LogDNA incident

Ingestion of new logs — for Syslog only - Partial Outage

LogDNA experienced a major incident on February 24, 2022 affecting Log Ingestion (Syslog), lasting 57m. The incident has been resolved; the full update timeline is below.

Started: Feb 24, 2022, 10:45 PM UTC
Resolved: Feb 24, 2022, 11:43 PM UTC
Duration: 57m
Detected by Pingoru: Feb 24, 2022, 10:45 PM UTC

Affected components

Log Ingestion (Syslog)

Update timeline

identified Feb 24, 2022, 10:45 PM UTC

New logs — from Syslog only -- are intermittently not being ingested by our service. We are working to restore this functionality as soon as possible.
resolved Feb 25, 2022, 12:16 AM UTC

This incident has been resolved. Please reach out to us at [email protected] with any additional questions.
postmortem Mar 01, 2022, 08:28 PM UTC

**Dates:** Start Time: Thursday, February 18, 2022, at 00:10 UTC End Time: Thursday, February 24, 2022, at 23:43 UTC Duration: 167:33:00 ‌ **What happened:** The ingestion of new logs to our Syslog endpoint was intermittently failing. ‌ **Why it happened:** We recently introduced a new service \(Syslog Forwarder\) to handle the ingestion of logs sent over Syslog. As the name implies, it forwards logs to downstream services.
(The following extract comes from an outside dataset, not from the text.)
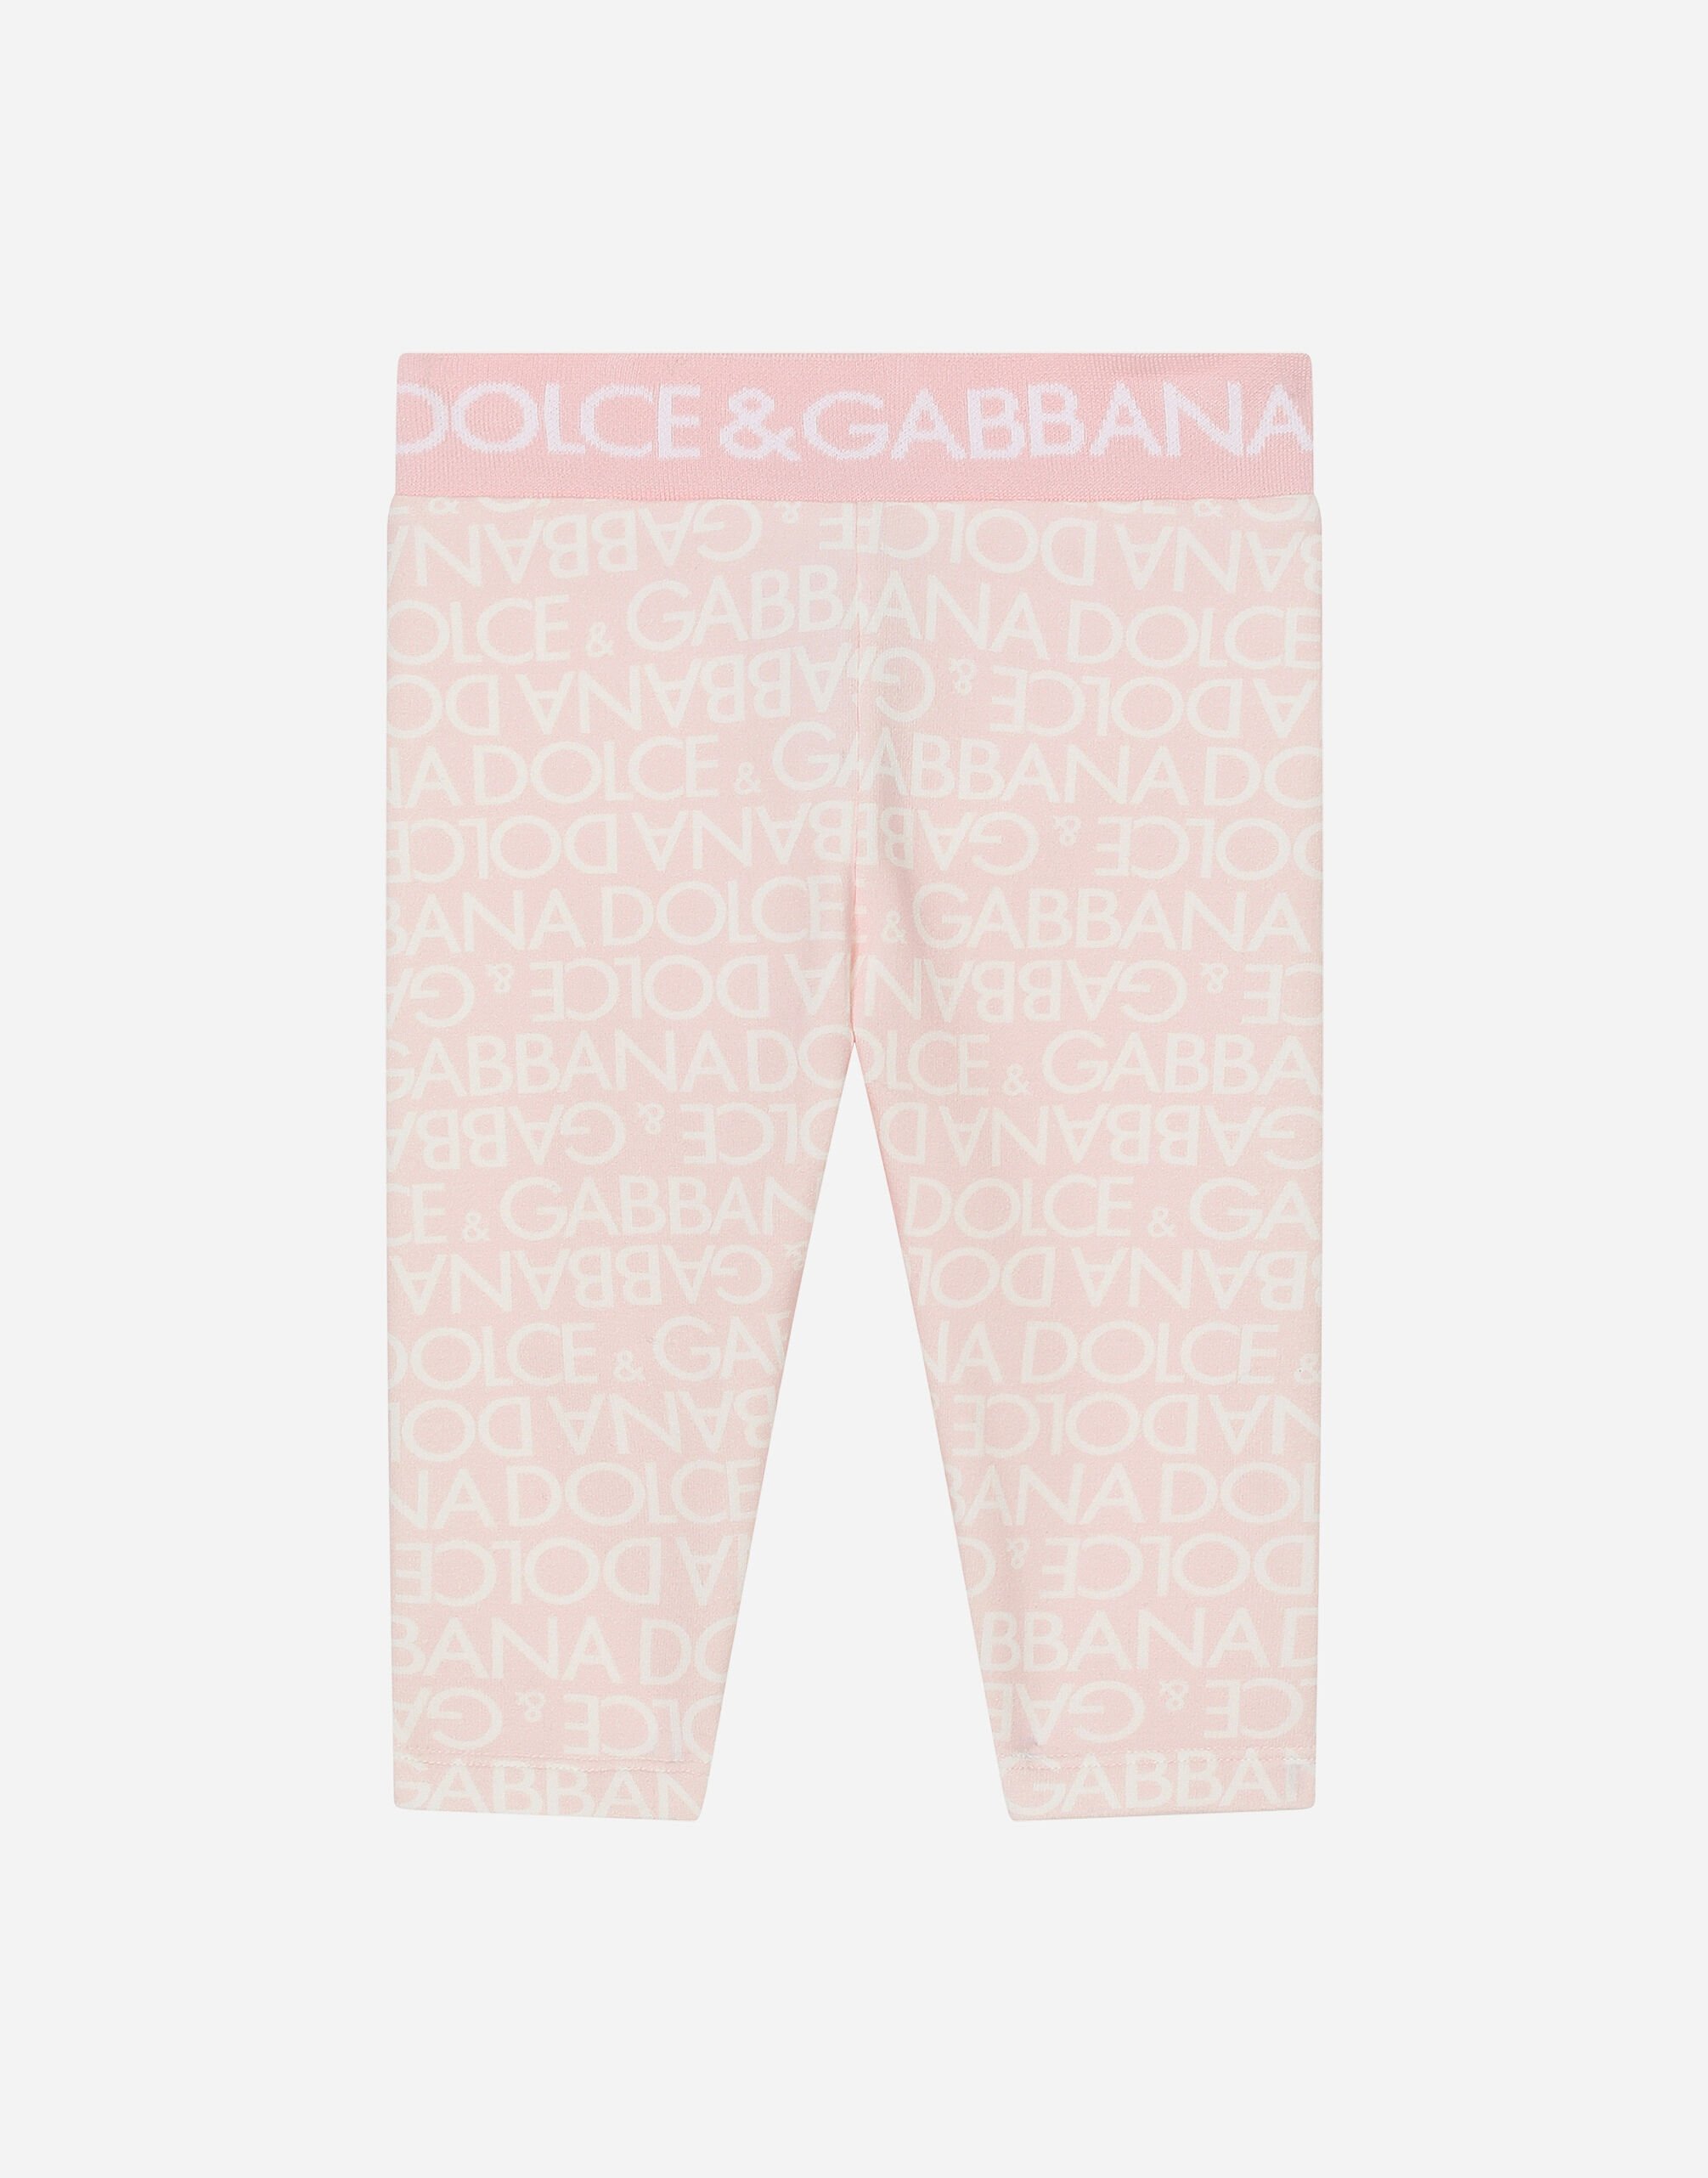 Dolce & Gabbana Leggings in interlock stampa Logomania Stampa L23DI5HS5Q9

It was designed to send all logs submitted for each account to a single port opened on the downstream services. No load balancing was implemented in our original design, which performed well in our advance testing. Once put into production, however, it became apparent that some customer accounts submit logs at a volume higher than the downstream services could process. When this happened, logs lines were buffered in memory by the Syslog Forwarder. Memory increased until the pods crashed. Any log lines held on those pods were lost and never ingested. ‌ **How we fixed it:** We improved the design of the Syslog Forwarder by adding a pool of connections to the downstream services. In effect, we added traffic shaping to the Syslog Forwarder. ‌ **What we are doing to prevent it from happening again:** The new architecture has been incorporated and proven resilient in production. No further work is needed to prevent this kind of incident from happening again.